Results and discussion
Identification of important markers and the corresponding genes using machine learning methods showed that some markers and genes influencing traits might not be identified by a linear model, indicating that machine learning methods including random forest and gradient boosting were suitable tools for selecting important markers. These associated markers were GGaluGA308573, GGaluGA255033, Gga_rs13614212, Gga_rs13743072, GGaluGA258772, Gga_rs14034395, and Gga_rs13858398. By examining only 3 of the most important markers in each method, new related genes such as MAP2, ACSL1, CAMSAP2, FAM117B, SLC4A4, TIMP4, and LncRNA were identified that were not detected by the linear model in previous studies. Literature results reported that these genes are regulating microtubule-stabilizing activity, cells’ shape, intestinal tissue during post-hatch development, augmenting adipogenesis, tissue growth and morphogenesis, fatty acid metabolism and abdominal fat deposition, intramuscular fat content, meat tenderness, and flavor, axon development, dendrite development, organelle organization, bicarbonate secretion and absorption, intracellular pH, and induction of apoptosis (Programmed death of cells) in chickens.
Conclusion
In this study, random forest, gradient boosting, and simple linear models were used to detect important marker’s associations with body weight traits at 6 and 9 weeks of age in broiler chickens using a 60k Chicken SNP BeadChip.

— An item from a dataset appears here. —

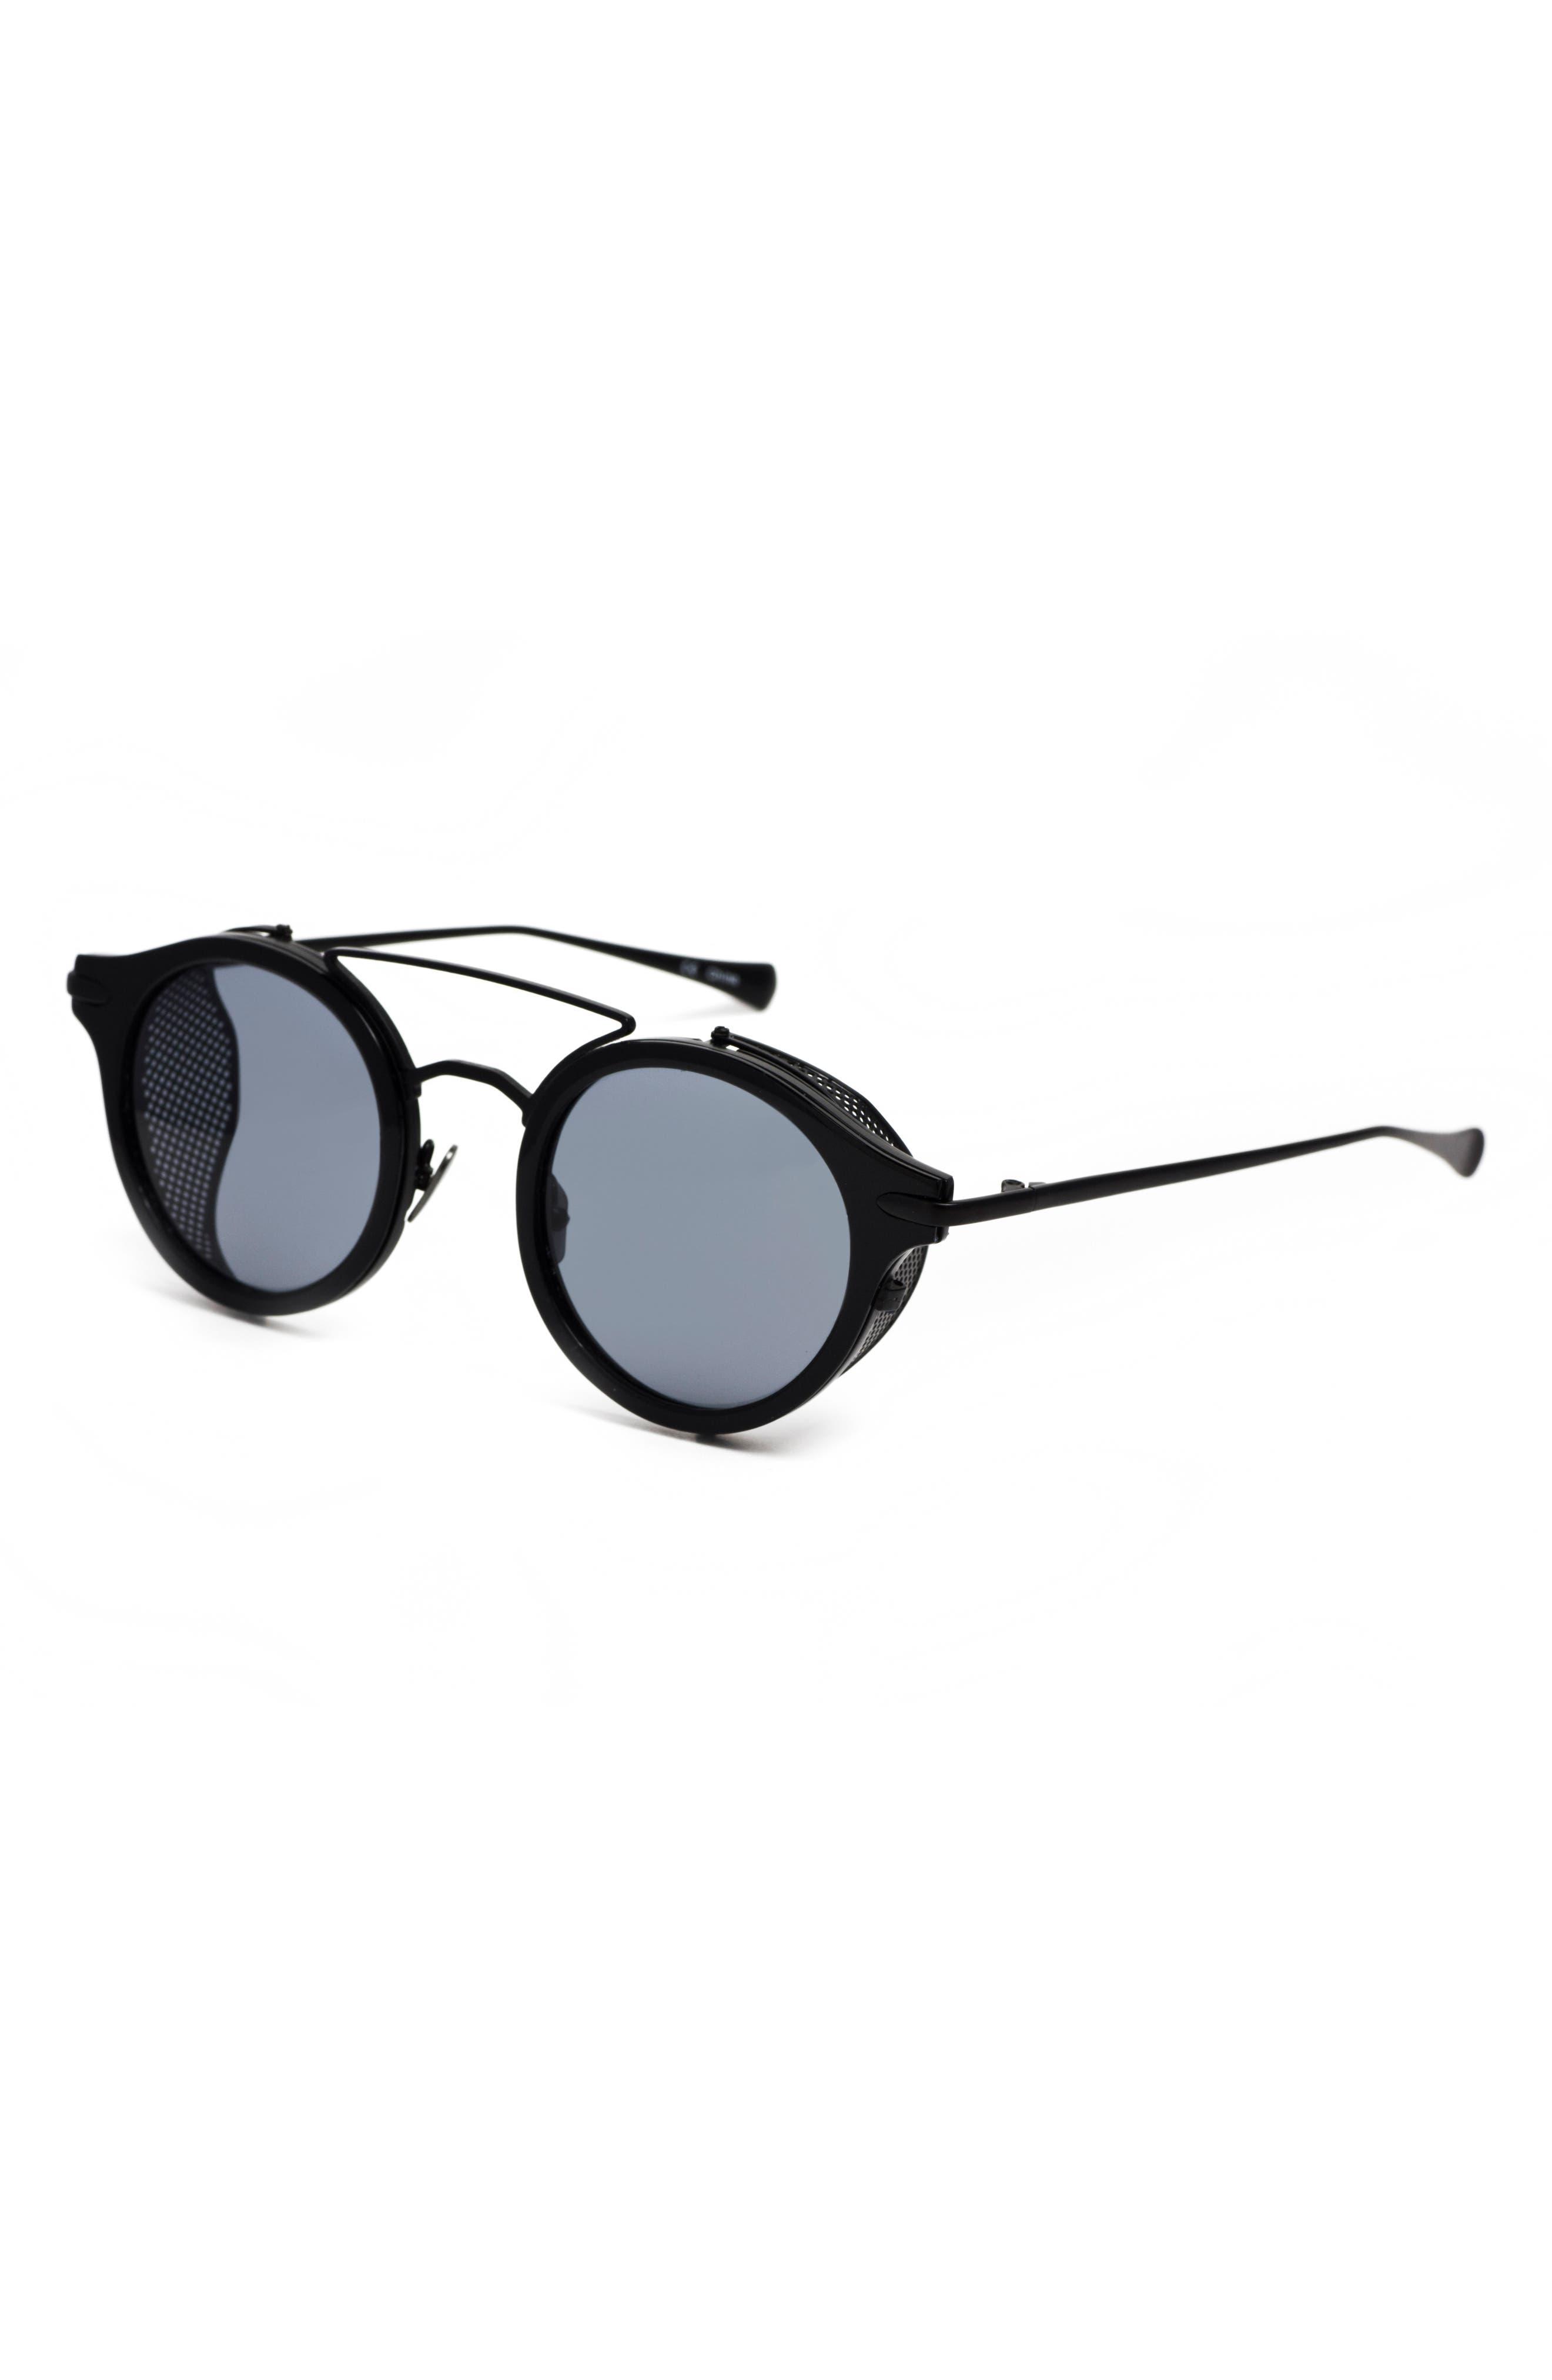 Mile High 47mm Sunglasses,                             Alternate thumbnail 4, color,                             001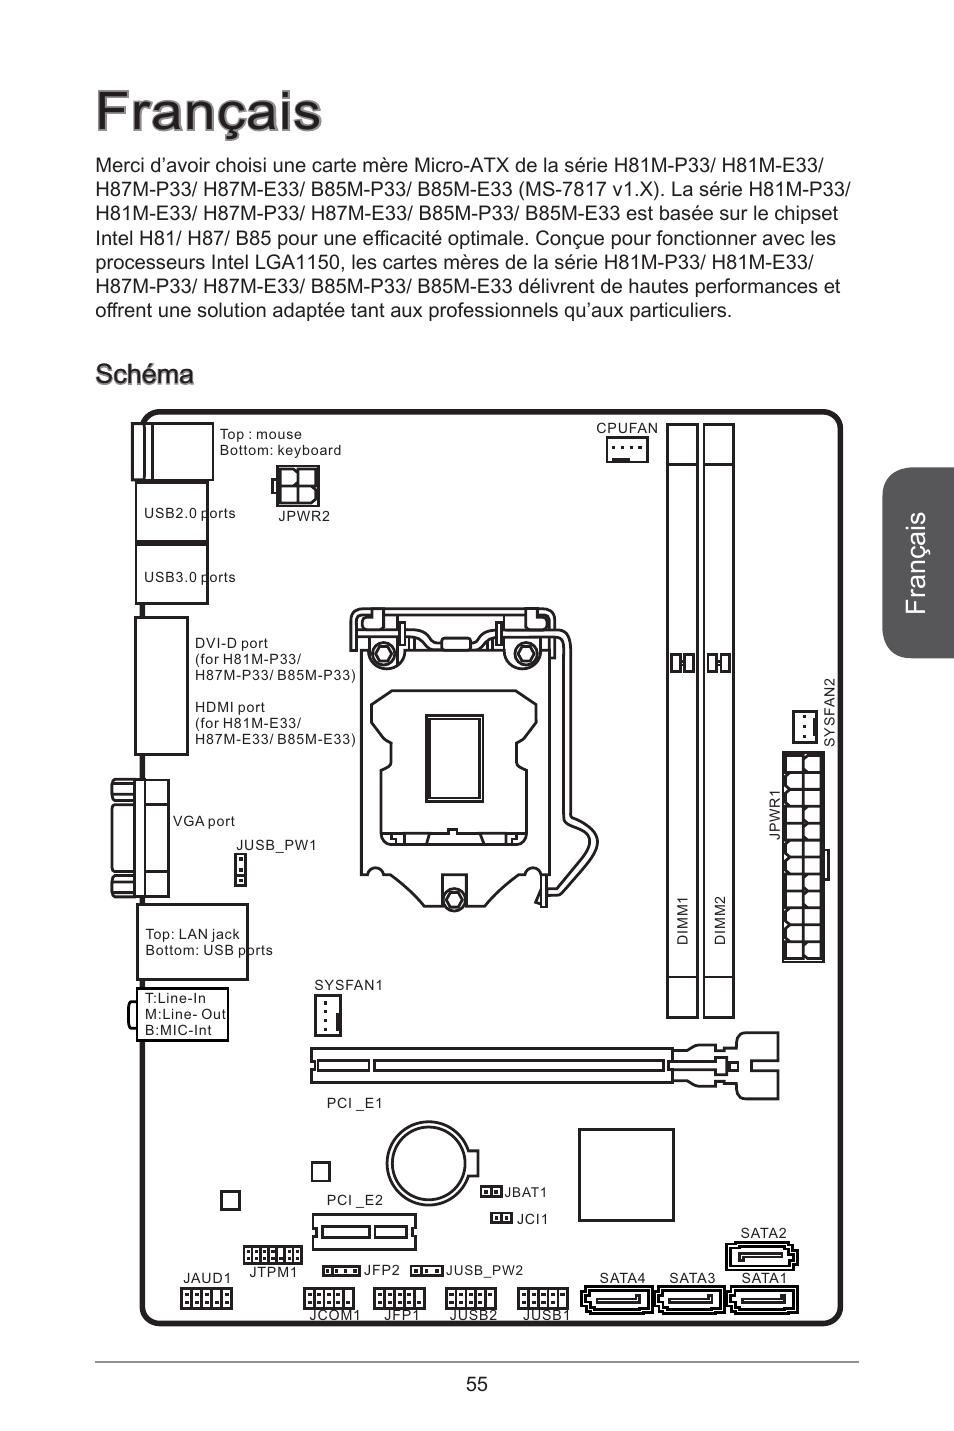 msi b85m p33 page55 fran�ais, sch�ma msi b85m p33 user manual page 55 186  at alyssarenee.co

The most important markers that were identified by the linear model were GGaluGA141221, GGaluGA142838. For machine learning methods, the top markers were GGaluGA308573, Gga_rs13743072, Gga_rs13614212, GGaluGA322130, and Gga_rs15763229. These markers were associated with genes that control several biochemical, physiological and biological functions in chickens. Results indicate that machine learning algorithms were able to identify new genes for body weight traits that were not previously identified by linear models.